**What the exercise asks:**
Instruction for the entries that follow: retype exactly the lines from the line with "1X LOT TO CONTAIN" to the line with "hsk4 chinese exam", both included, and omit all others.
──────── The data
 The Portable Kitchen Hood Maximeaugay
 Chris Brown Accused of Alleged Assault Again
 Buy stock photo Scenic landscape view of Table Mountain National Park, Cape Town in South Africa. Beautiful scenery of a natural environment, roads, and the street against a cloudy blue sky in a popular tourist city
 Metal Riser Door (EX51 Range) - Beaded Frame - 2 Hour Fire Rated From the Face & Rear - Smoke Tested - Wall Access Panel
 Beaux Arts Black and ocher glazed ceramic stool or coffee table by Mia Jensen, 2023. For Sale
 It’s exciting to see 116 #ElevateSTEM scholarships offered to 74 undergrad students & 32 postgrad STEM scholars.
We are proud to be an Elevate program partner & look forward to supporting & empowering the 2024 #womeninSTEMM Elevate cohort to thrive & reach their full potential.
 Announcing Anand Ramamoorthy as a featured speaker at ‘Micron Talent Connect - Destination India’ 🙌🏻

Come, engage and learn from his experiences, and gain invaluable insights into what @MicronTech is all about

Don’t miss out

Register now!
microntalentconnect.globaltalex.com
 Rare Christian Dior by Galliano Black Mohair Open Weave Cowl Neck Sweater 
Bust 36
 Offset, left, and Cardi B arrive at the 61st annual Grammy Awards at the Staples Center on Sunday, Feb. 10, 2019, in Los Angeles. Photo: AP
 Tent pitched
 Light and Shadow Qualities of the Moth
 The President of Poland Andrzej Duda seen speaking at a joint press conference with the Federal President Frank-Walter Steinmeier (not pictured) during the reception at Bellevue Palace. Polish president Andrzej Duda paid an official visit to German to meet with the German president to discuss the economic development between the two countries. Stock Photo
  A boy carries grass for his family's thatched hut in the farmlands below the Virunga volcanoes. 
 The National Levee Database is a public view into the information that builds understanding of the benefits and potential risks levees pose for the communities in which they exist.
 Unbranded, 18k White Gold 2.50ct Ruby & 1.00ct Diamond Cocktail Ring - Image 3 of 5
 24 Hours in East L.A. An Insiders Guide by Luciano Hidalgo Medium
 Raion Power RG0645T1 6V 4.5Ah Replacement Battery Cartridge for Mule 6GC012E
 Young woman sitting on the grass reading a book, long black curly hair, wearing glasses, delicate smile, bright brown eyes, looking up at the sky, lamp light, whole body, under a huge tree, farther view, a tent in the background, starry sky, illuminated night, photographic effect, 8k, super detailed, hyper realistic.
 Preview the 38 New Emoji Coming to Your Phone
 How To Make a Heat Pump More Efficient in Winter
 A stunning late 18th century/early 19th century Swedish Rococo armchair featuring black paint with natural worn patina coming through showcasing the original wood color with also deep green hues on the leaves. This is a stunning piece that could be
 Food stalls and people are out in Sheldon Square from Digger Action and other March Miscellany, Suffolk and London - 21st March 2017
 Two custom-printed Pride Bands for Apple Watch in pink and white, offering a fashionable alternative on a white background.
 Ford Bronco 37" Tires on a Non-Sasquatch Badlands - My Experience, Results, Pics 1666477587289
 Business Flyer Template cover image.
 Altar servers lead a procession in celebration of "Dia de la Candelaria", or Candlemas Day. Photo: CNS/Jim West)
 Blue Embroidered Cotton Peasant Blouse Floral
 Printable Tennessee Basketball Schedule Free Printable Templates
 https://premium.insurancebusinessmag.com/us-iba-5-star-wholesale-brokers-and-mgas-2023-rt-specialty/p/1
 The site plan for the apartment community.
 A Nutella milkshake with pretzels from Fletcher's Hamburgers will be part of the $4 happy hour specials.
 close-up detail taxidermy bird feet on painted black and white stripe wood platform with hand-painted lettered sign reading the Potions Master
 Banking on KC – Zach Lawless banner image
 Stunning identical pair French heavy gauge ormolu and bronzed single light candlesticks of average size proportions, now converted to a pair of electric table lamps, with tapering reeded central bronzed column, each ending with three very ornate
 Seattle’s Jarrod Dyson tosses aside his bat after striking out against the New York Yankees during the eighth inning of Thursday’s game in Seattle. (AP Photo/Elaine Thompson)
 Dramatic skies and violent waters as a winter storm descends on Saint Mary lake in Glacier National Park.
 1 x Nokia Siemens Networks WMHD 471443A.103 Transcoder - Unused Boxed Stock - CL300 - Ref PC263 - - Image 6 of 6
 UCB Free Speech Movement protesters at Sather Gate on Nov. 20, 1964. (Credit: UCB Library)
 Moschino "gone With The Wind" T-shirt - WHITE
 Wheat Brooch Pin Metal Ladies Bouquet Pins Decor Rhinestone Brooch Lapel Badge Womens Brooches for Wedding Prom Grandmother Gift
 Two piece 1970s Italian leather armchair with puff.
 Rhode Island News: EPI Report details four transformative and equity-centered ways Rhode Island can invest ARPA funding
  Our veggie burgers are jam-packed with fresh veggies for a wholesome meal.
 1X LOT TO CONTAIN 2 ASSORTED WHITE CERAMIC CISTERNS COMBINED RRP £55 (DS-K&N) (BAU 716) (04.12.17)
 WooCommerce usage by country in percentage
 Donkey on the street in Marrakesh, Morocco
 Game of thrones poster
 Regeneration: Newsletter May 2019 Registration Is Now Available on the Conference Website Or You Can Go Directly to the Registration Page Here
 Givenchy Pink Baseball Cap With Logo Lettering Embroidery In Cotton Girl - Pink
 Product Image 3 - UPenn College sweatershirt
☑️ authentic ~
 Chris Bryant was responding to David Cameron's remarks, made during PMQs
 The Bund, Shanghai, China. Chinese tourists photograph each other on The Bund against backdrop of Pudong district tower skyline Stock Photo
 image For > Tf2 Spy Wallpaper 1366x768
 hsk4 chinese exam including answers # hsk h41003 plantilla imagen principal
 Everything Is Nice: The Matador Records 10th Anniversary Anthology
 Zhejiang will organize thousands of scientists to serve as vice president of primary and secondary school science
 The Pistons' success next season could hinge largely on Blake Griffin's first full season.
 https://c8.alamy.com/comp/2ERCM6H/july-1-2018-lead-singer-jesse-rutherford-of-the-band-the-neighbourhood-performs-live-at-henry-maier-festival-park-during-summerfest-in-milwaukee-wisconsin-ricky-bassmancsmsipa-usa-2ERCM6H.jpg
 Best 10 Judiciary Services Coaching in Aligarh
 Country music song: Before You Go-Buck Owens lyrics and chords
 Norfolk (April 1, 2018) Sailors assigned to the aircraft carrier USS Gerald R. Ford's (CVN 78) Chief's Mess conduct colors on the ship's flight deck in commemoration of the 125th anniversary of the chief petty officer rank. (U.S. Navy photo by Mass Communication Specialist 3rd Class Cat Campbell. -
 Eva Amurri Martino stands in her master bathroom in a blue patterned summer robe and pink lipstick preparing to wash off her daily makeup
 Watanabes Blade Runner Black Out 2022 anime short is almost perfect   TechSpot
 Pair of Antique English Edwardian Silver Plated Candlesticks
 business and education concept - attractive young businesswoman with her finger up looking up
────────────────
**Written answer:**
 1X LOT TO CONTAIN 2 ASSORTED WHITE CERAMIC CISTERNS COMBINED RRP £55 (DS-K&N) (BAU 716) (04.12.17)
 WooCommerce usage by country in percentage
 Donkey on the street in Marrakesh, Morocco
 Game of thrones poster
 Regeneration: Newsletter May 2019 Registration Is Now Available on the Conference Website Or You Can Go Directly to the Registration Page Here
 Givenchy Pink Baseball Cap With Logo Lettering Embroidery In Cotton Girl - Pink
 Product Image 3 - UPenn College sweatershirt
☑️ authentic ~
 Chris Bryant was responding to David Cameron's remarks, made during PMQs
 The Bund, Shanghai, China. Chinese tourists photograph each other on The Bund against backdrop of Pudong district tower skyline Stock Photo
 image For > Tf2 Spy Wallpaper 1366x768
 hsk4 chinese exam including answers # hsk h41003 plantilla imagen principal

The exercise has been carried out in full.